Вообще, недоразумение относительно глумления над народом, как кажется, происходит от того, что рецензент мой не отличает народа исторического, т. е. действующего на поприще истории, от народа, как воплотителя идеи демократизма. Первый оценивается и приобретает сочувствие по мере дел своих. Если он производит Бородавкиных и Угрюм-Бурчеевых, то о сочувствии не может быть речи; если он выказывает стремление выйти из состояния бессознательности, тогда сочувствие к нему является вполне законным, но мера этого сочувствия все-таки обусловливается мерою усилий, делаемых народом на пути к сознательности. Что же касается до «народа» в смысле второго определения, то этому народу нельзя не сочувствовать уже по тому одному, что в нем заключается начало и конец всякой индивидуальной деятельности. О каком же «народе» идет речь в «Истории одного города»?

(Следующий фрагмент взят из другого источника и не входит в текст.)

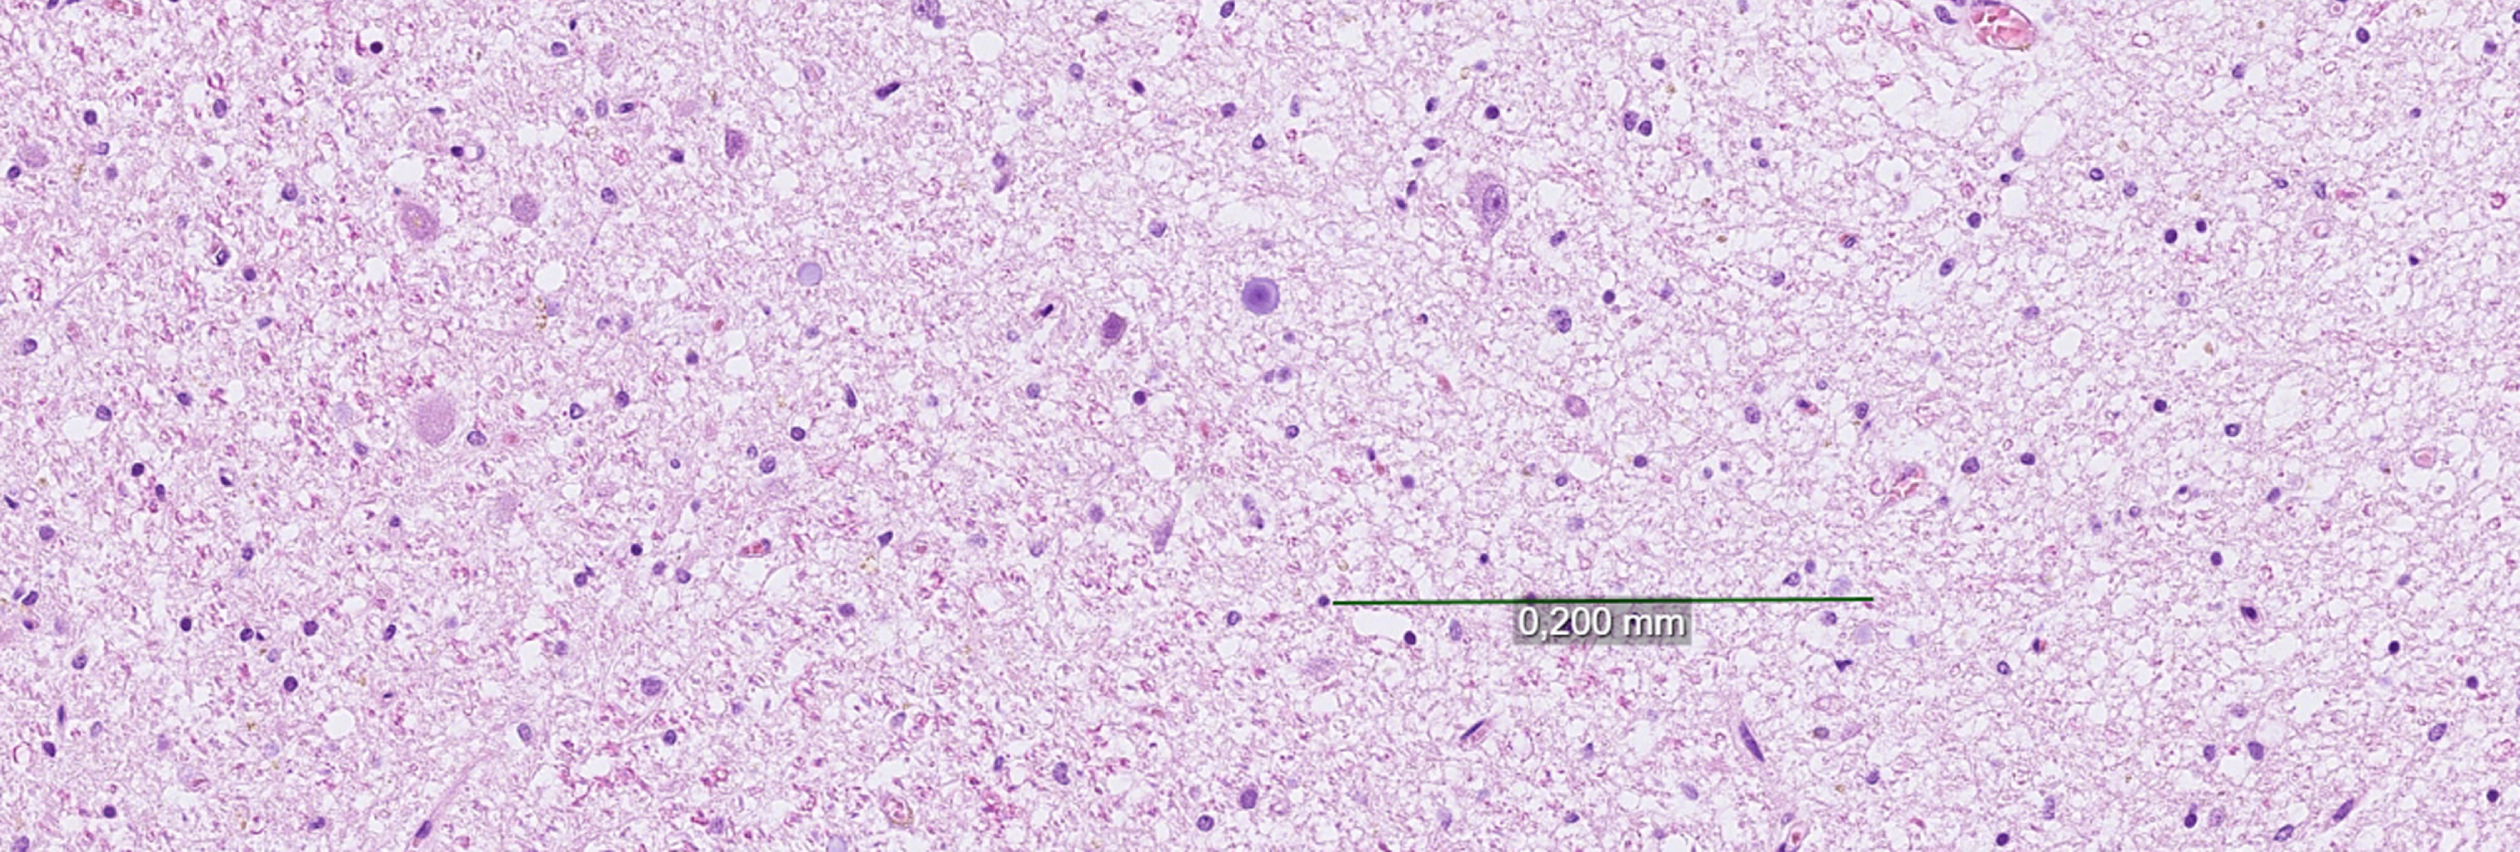 Example image of the locus coeruleus (LC) in neuropathological case diagnosed with frontotemporal lobar degeneration (FTLD) with tau proteinopathy at 13x magnification. Demonstrated in the image is a degenerated LC with a degeneration score of 9 points of 9 possible according to assessment tool introduced in the study. Scale bar representing 0.2 mm.
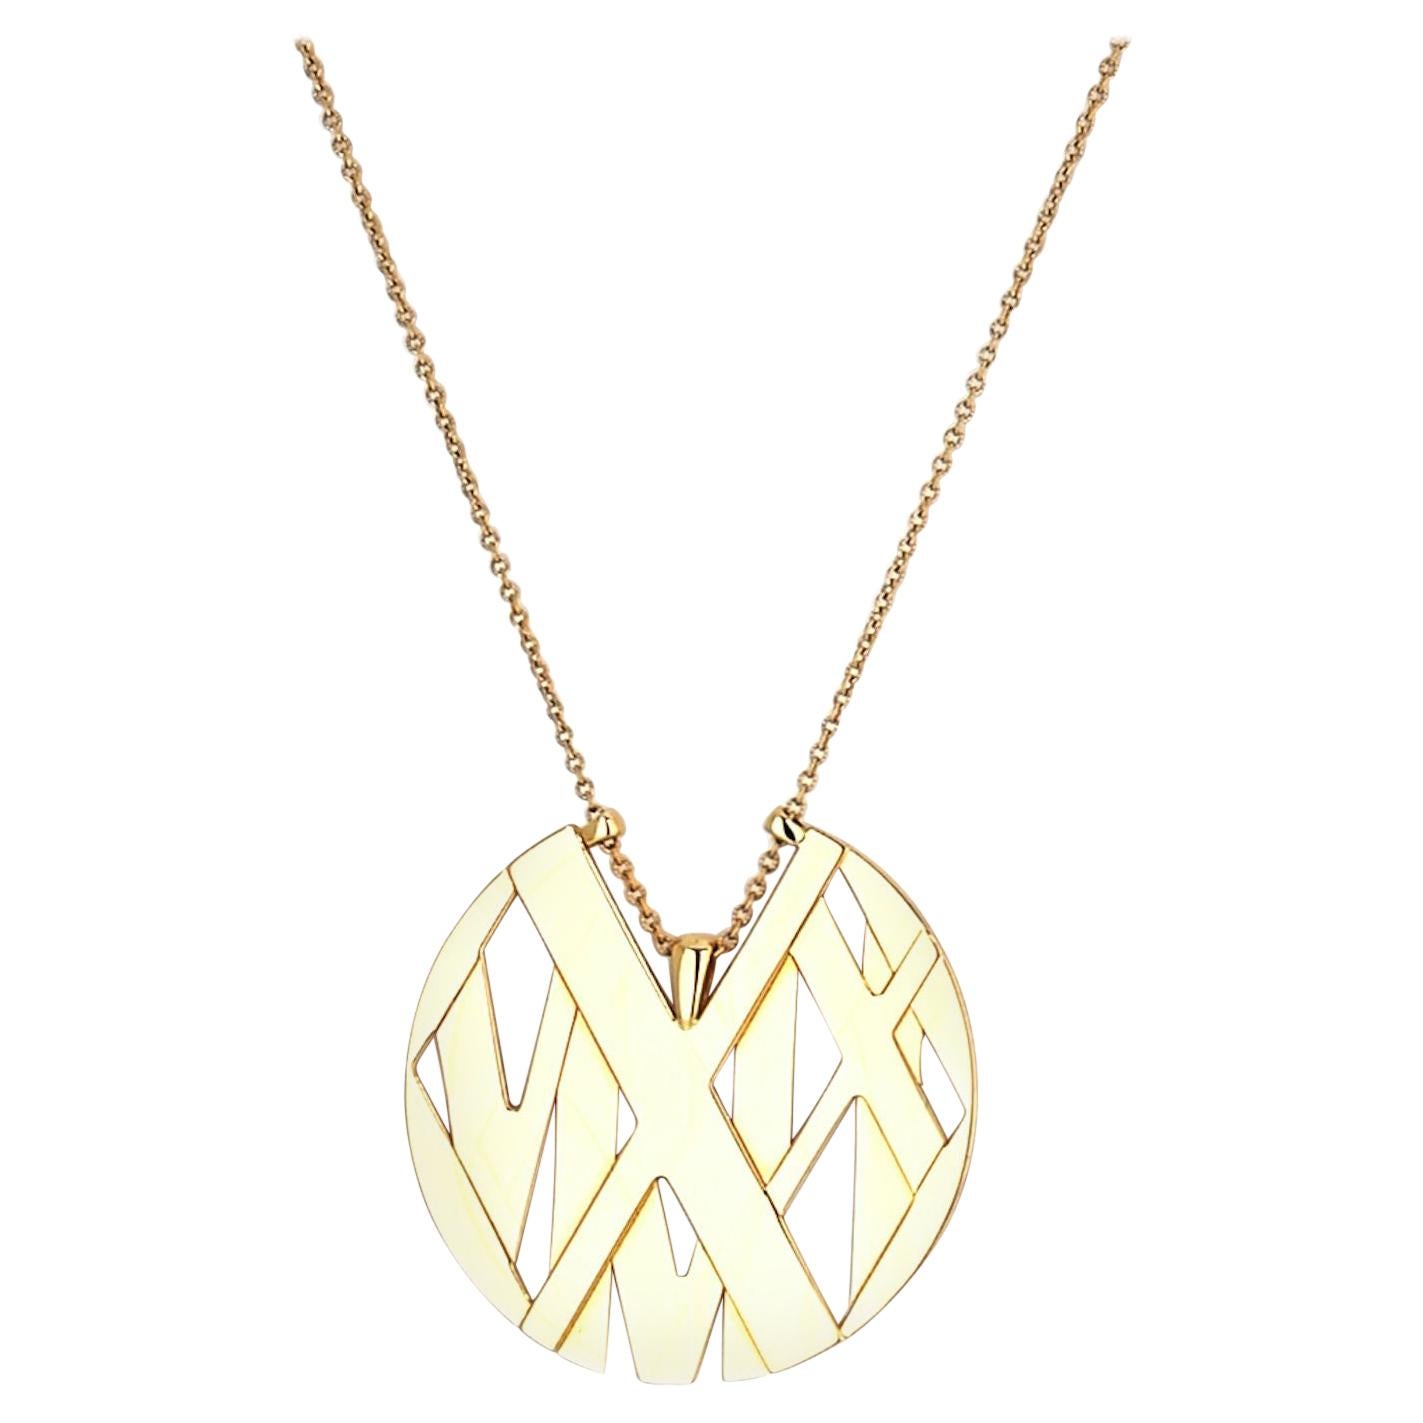 Tiffany & Co. 18k Yellow Gold Atlas Large Model Necklace

Обличив меня в глумлении над народом, г. рецензент объясняет и причину этого глумления. Эта причина – недостаток «юмора». Юмор же рецензент определяет следующим образом: он, «не жертвуя малым великому, великое низводит до малого, а малое возвышает до великого»; следовательно главные элементы этого явления суть: великодушие, доброта и сострадание. Если это определение верно, то мне действительно остается признать себя виноватым. Но я положительно утверждаю, что оно неверно и что искусство точно так же, как и наука, оценивает жизненные явления единственно по их внутренней стоимости, без всякого участия великодушия или сострадания. Если б это было не так, то произошло бы нечто изумительное. Во-первых, люди не знали бы, что в написанной художником картине действительно верно, и что смягчено, или скрыто, или прибавлено под влиянием великодушия. Во-вторых, тогда пришлось бы простирать руки не только подначальным глуповцам, но и Прыщам и Угрюм-Бурчеевым, всем говорить (как это советует мне рецензент): «придите ко мне все труждающиеся и обремененные», потому что ведь тут все обременены историей: и начальники и подначальные.